**DATASET EXTRACT**
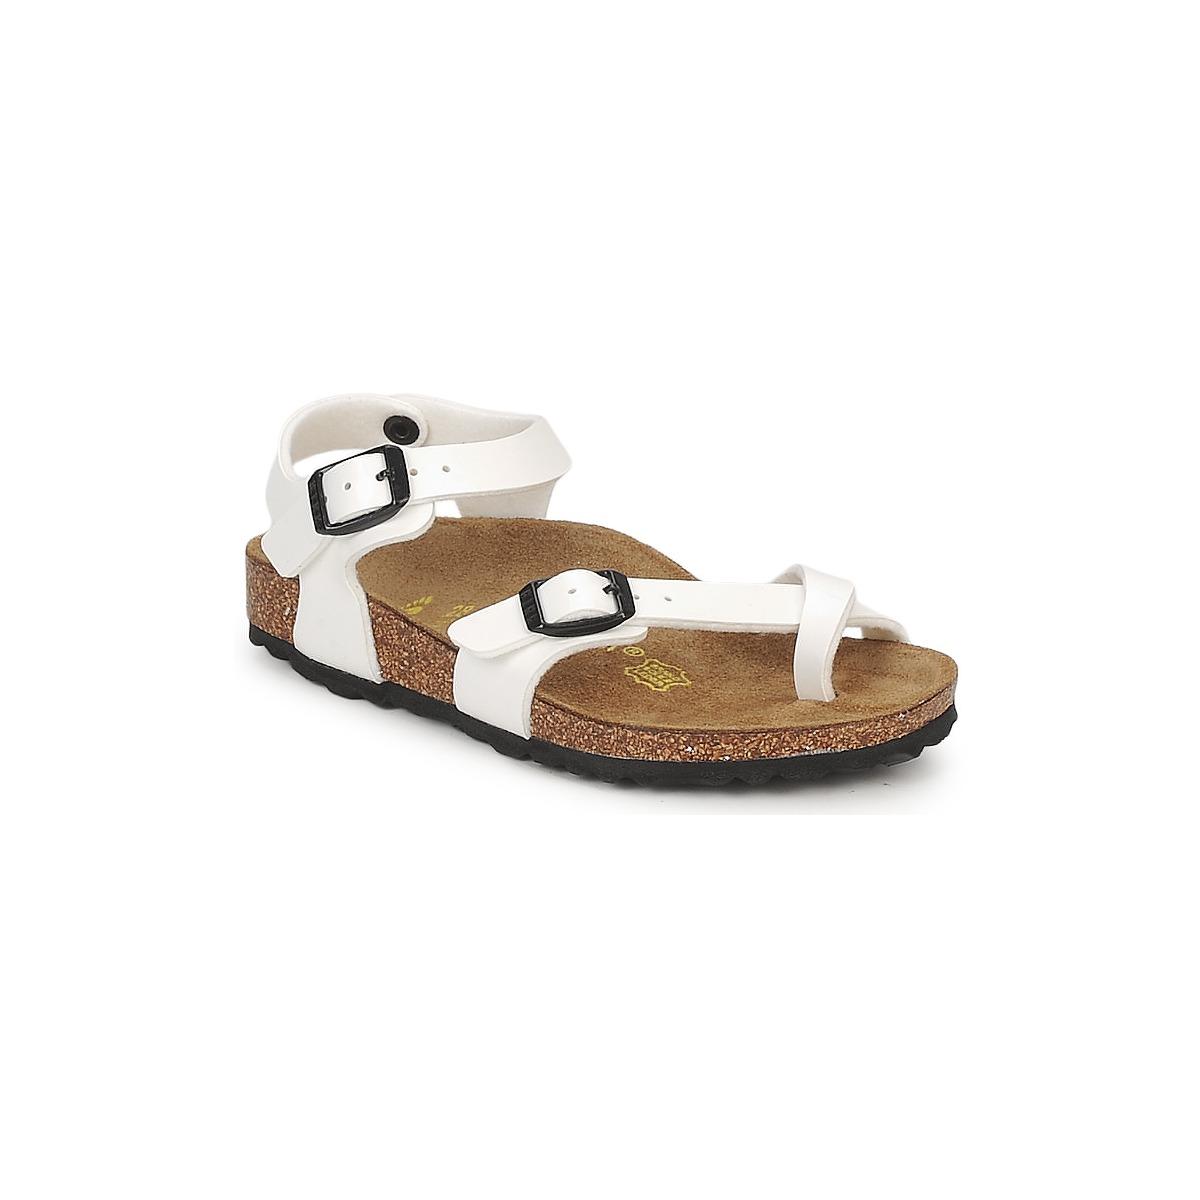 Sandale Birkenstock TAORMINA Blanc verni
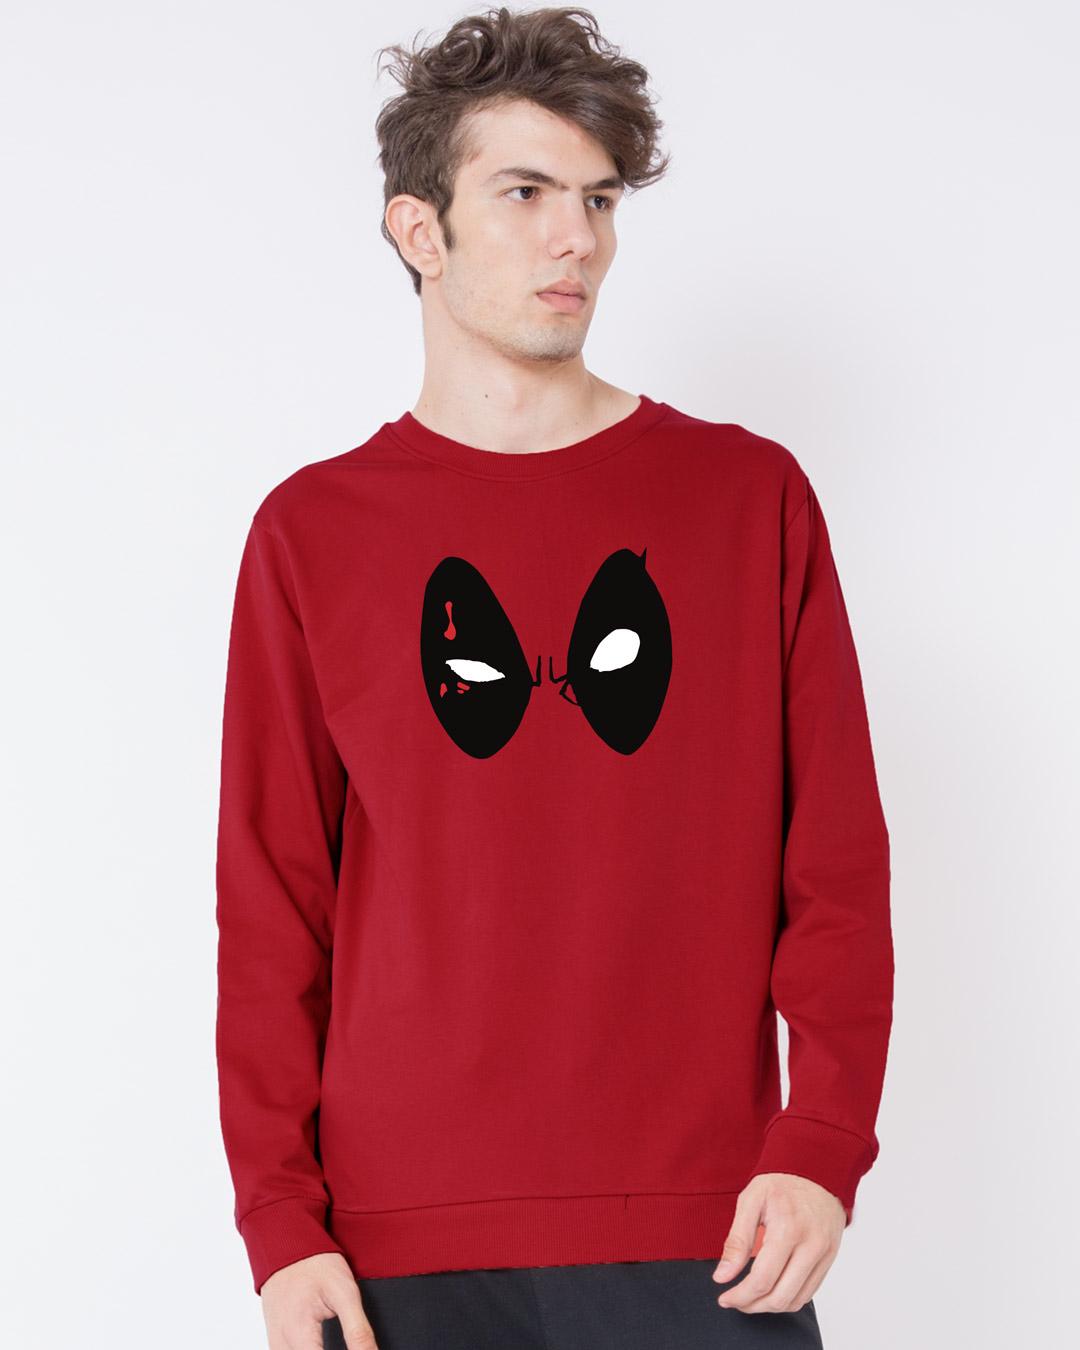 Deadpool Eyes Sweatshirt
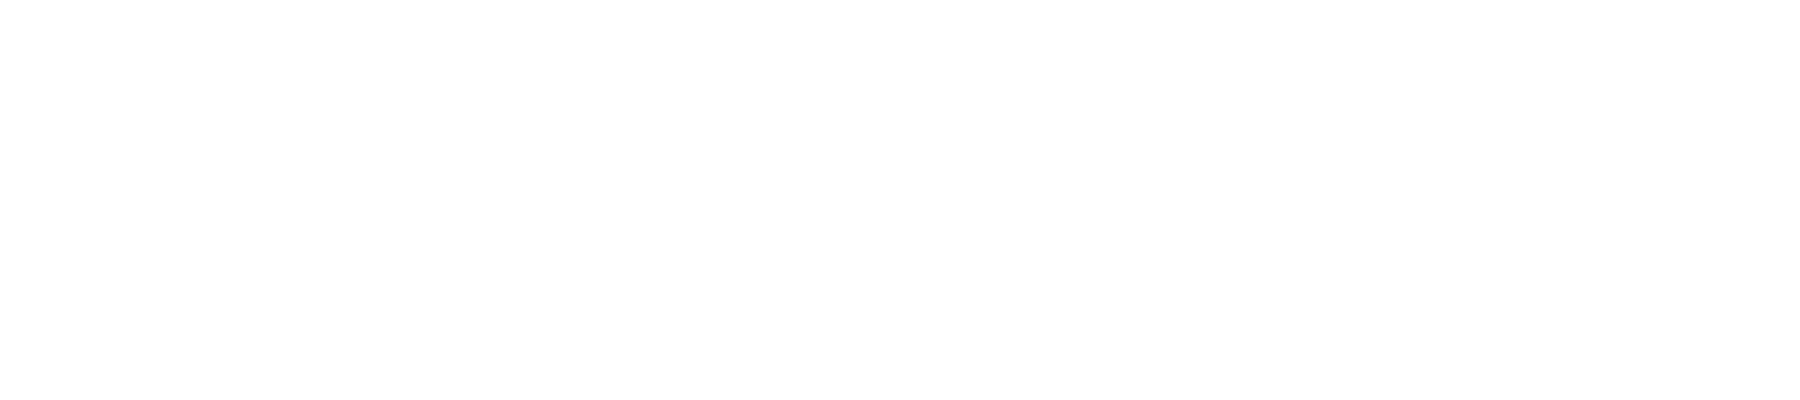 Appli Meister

**TASK REQUIREMENTS**
Each line above is to be copied exactly, and the pictures are to be dropped.

**EXPECTED ANSWER**
 Sandale Birkenstock TAORMINA Blanc verni
 Deadpool Eyes Sweatshirt
 Appli Meister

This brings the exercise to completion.